These kinds of mutually beneficial relationships were common on the water.

Early in the summer, I befriended Slawek Pilat, a local eel trapper. Pilat had emigrated from Poland to New York years ago, then eventually found his way to the town of Poland, Maine, in the hope that someone there might speak his native tongue (no one did). But he preferred country living and in time landed a job at the Poland Spring bottling plant.

Trapping eels was his escape, a nod to his youth in rural Eastern Europe, when his family subsisted on smoked eels in the winter.

Not long after we met, I arrived home from work to find that Pilat had left a dozen eels in a five-gallon bucket dangling from our dock, sized perfectly for striper bait. A fresh batch followed each week. In August, when he accidentally lost his motor over the transom while hauling traps, I twice ferried him and a local diver out on the bay to find it — and we did.

In time, even the fish became more ally than adversary. Pursuing them had opened up a world of discovery and learning. To me, these fish were worth far more alive than dead. Throwing them back was my way of returning the favor to those who had done the same before me.

Still, I knew my morning outings were quite likely not without their impact.

For months, a lone cormorant perched on a shore-side oak had greeted me each dawn, like a familiar dog on a doorstep. One day in September, he was gone. Juvenile alewives were schooling ahead of their fall migration to sea. I’d assumed the bird had risen early to take advantage. But when I returned from my own morning outing, I spotted a lump of black feathers along the bank. I knew it was him.

I cruised in close and hauled the cormorant’s limp but formidable body from the water. He reeked, but his feathers still glistened. Close inspection revealed a snelled hook embedded in his chest. It was rusted, tailing a good bit of frayed monofilament fishing line. I could tell from the knot that it wasn’t mine, but it was clear another fisherman had unwittingly caused his premature demise.

Lessons on the water often came like this, in small doses, subtle, not obvious.

One day late in the summer, I motored out onto the bay to find tree swallows migrating by the thousands, flying low over the water like a writhing carpet. Another day, a small flock of blue-winged teal, hellbent for the tropics, strafed across my bow.
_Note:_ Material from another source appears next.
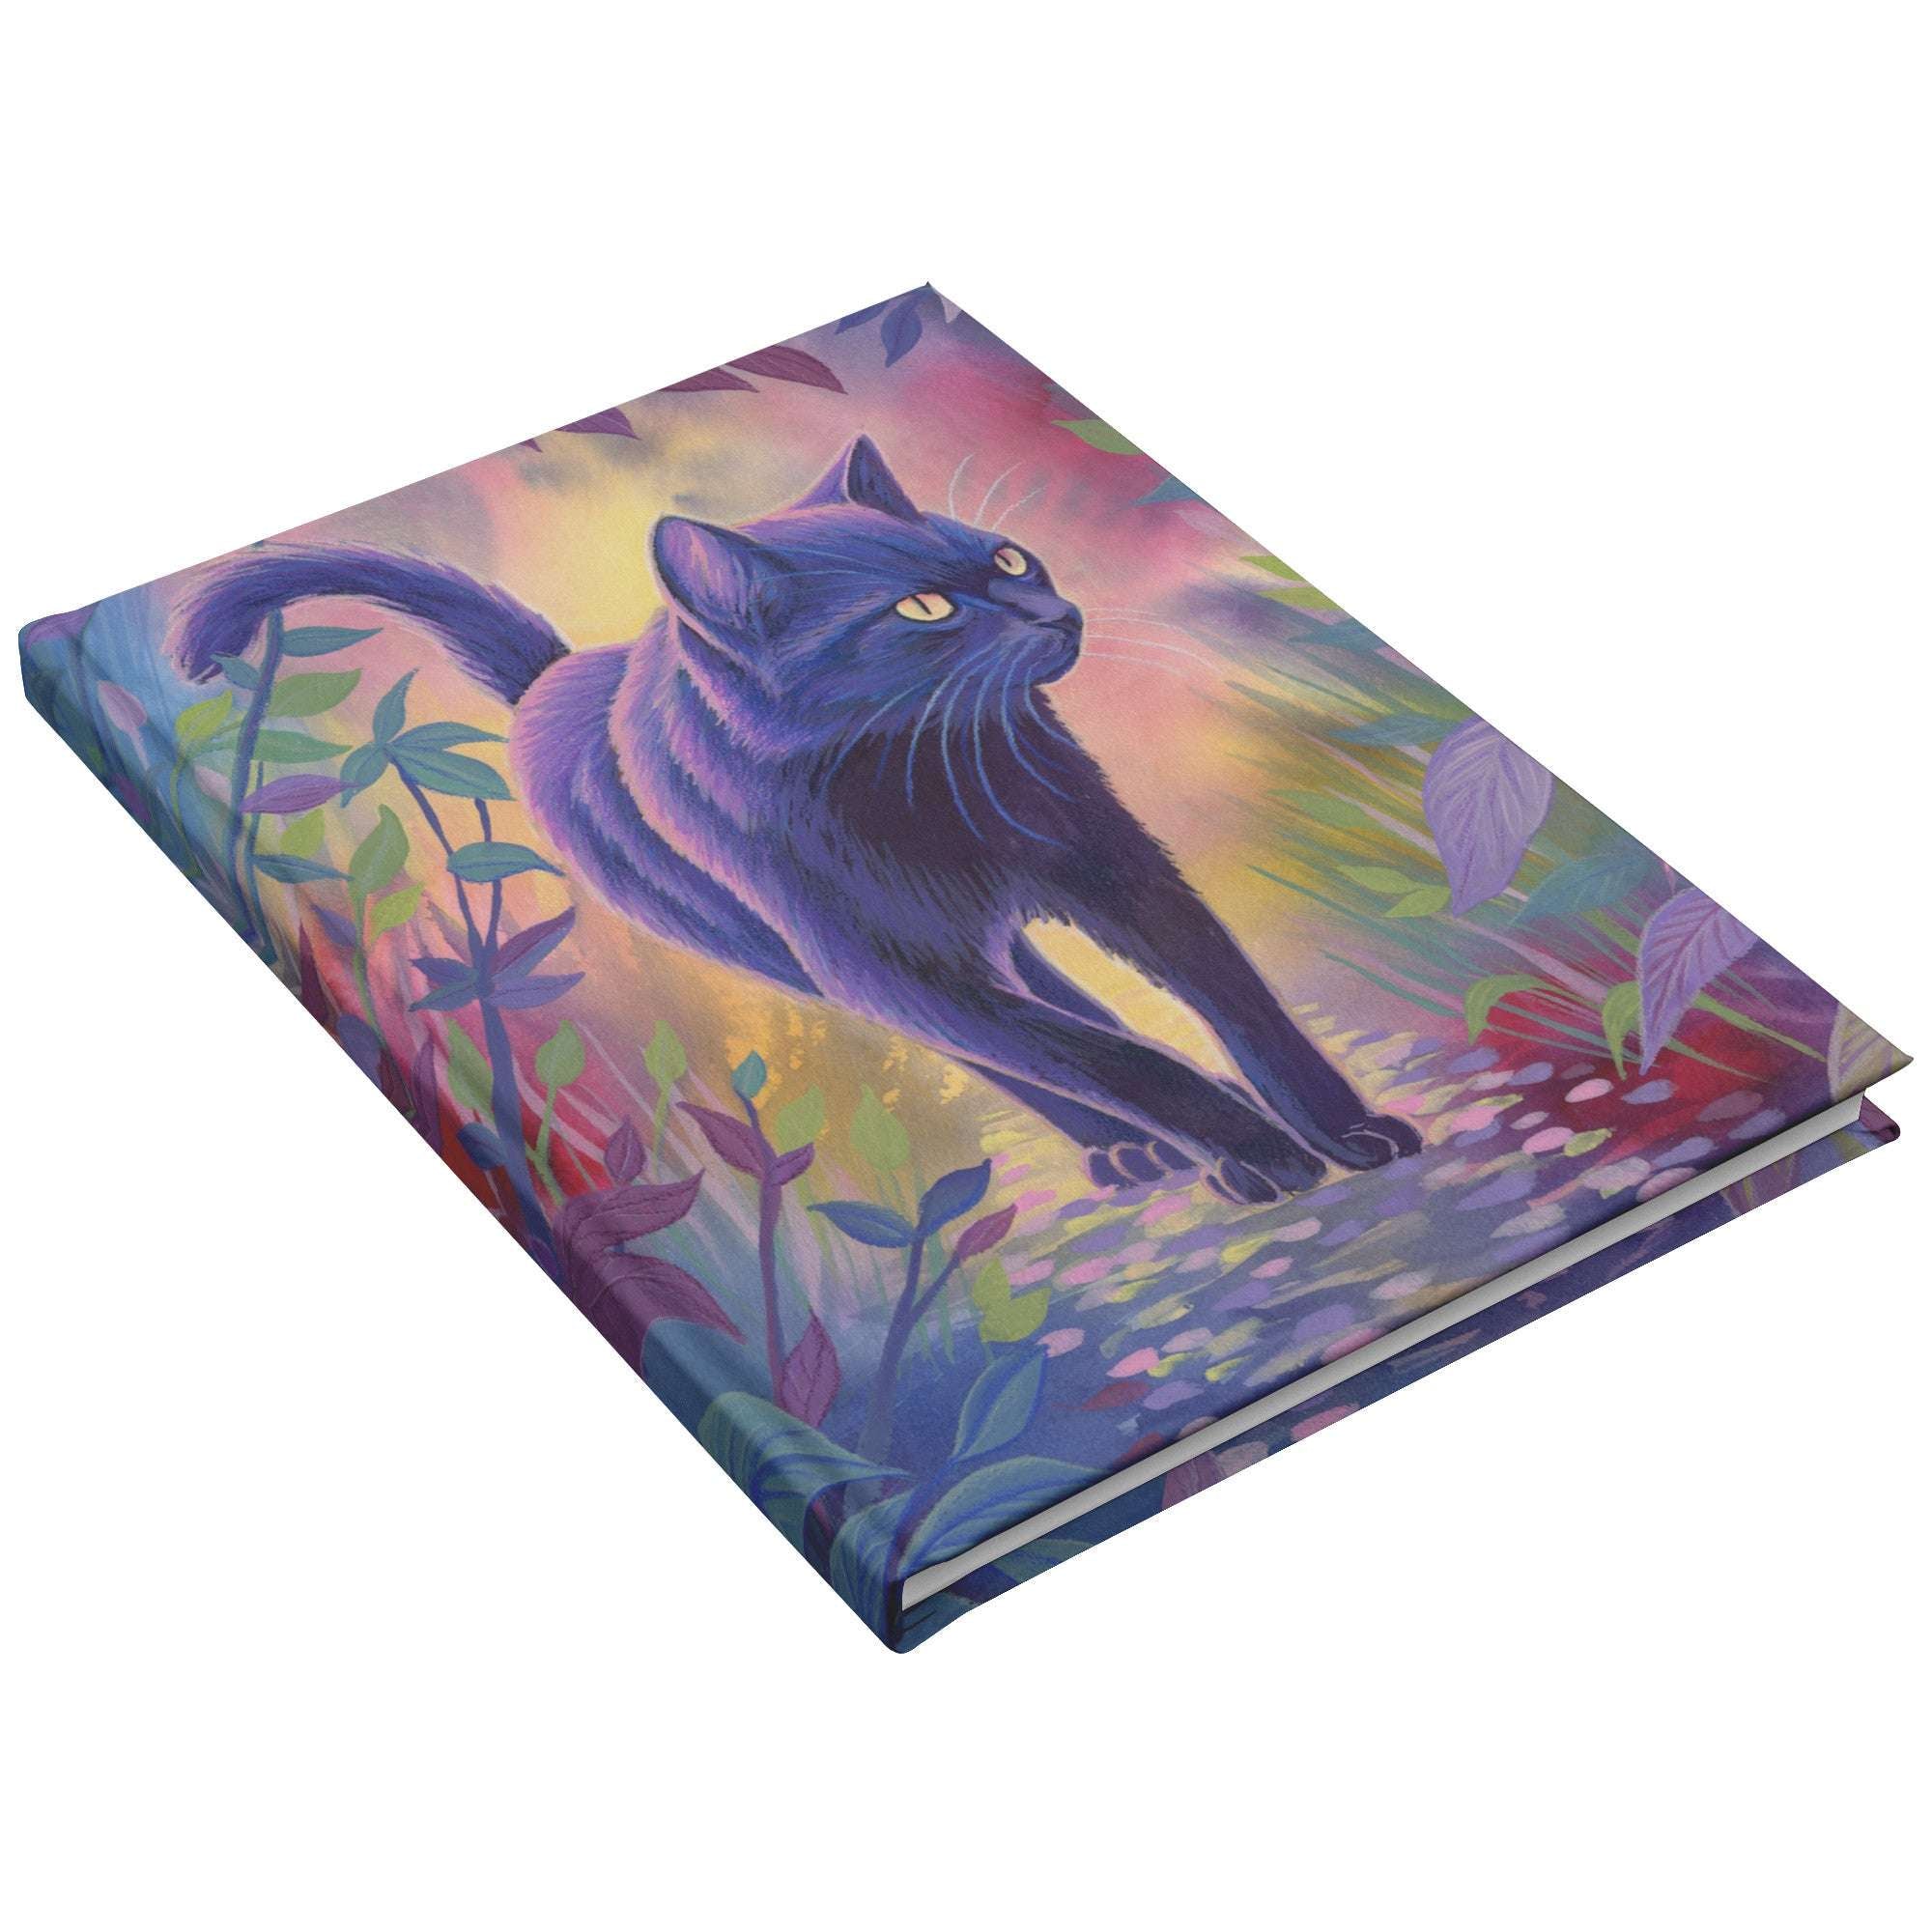 A Cat Journal with a colorful illustration of a black cat among multi-colored foliage on the cover.
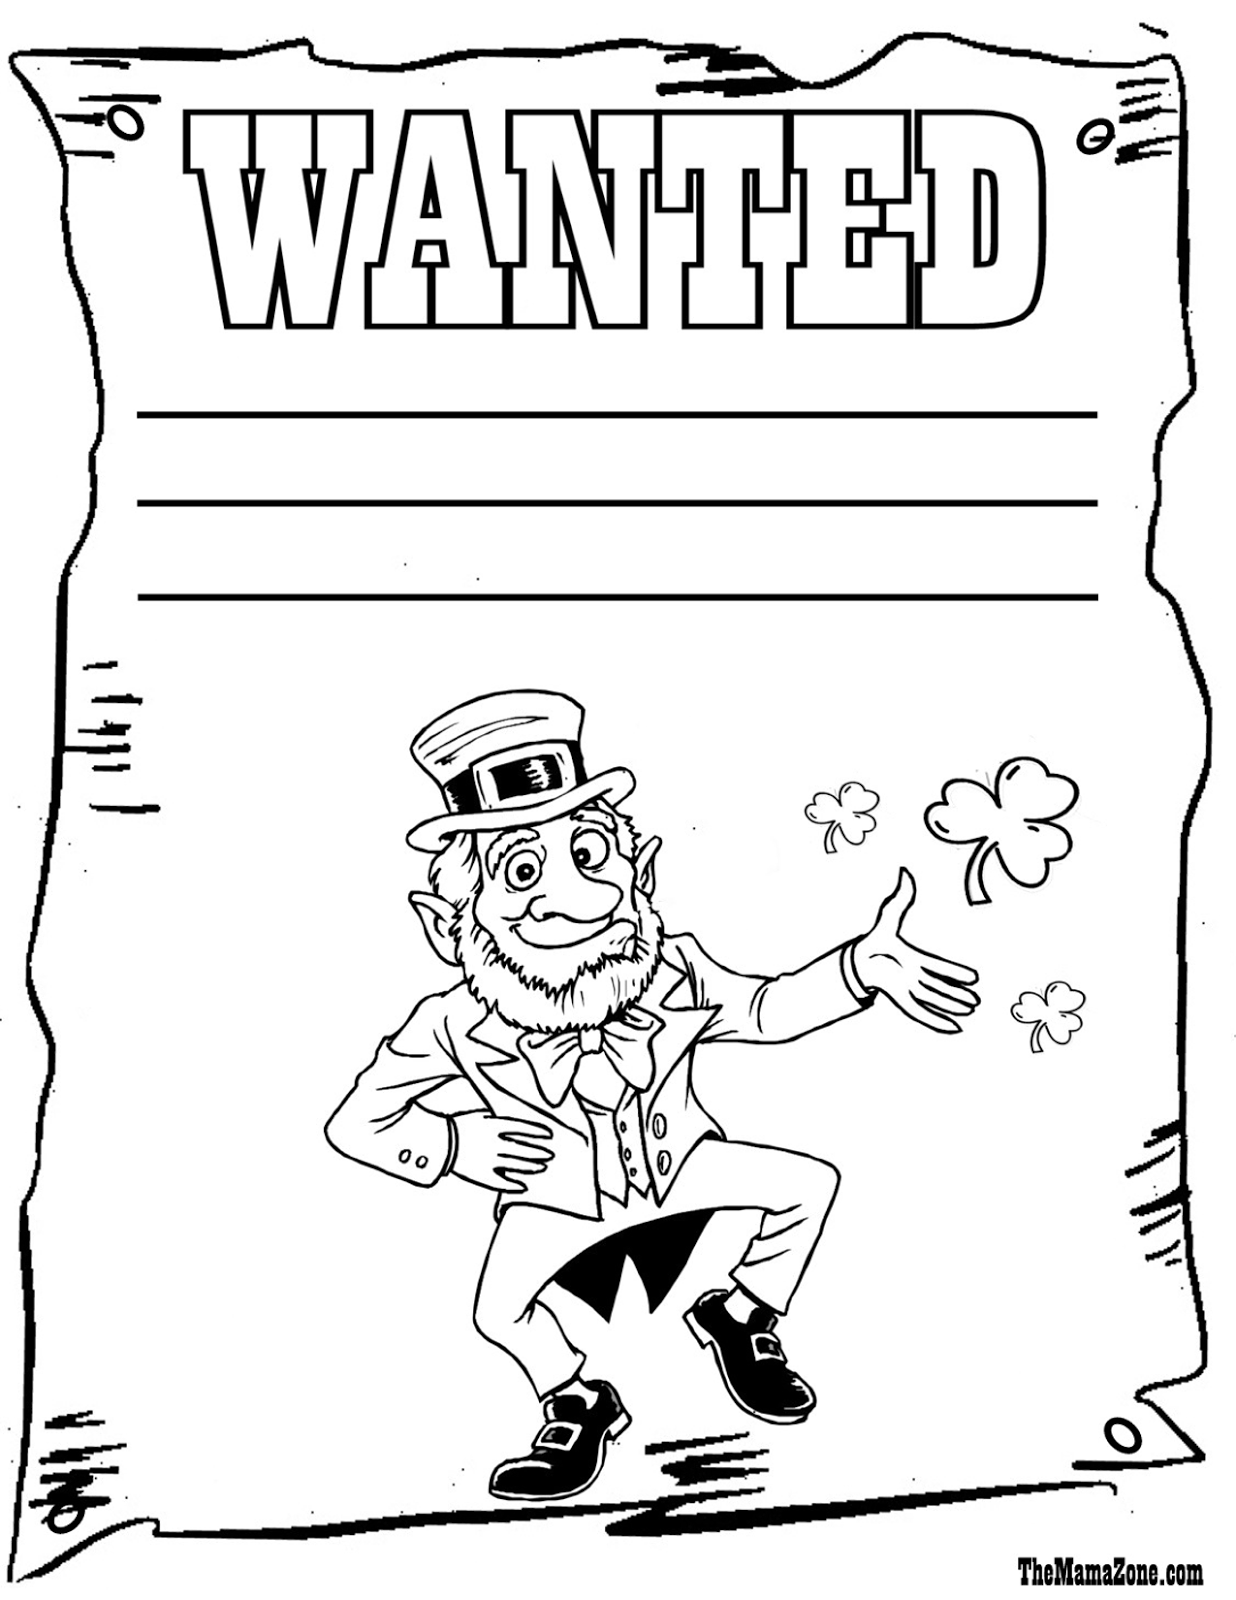 Leprechaun Wanted Coloring Page

That same week I noticed the wild rice had begun to shed its annual crop, a natural bounty timed perfectly for the mounting shorebird and waterfowl migrations. Coincidence?

My goal to fish every day of the summer stretched into fall, long after the leaves had turned and most other fishermen had hung up their gear. The fish and wildlife had become like family, the river as familiar as the rooms in my house. By late September, I’d logged 98 mornings in my journal. I felt I was slowly assembling the pieces of an immense puzzle, the big picture becoming clearer with each passing day.

Then, on the morning of Oct. 29, I sped out with just a few minutes to spare before work. One by one, I checked all the spots. In places I’d caught fish on nearly every cast the day before, now there were none.

An unexpected feeling of loneliness overcame me. Inexplicably, and without warning, the fish had disappeared.

It would be my last lesson of the season.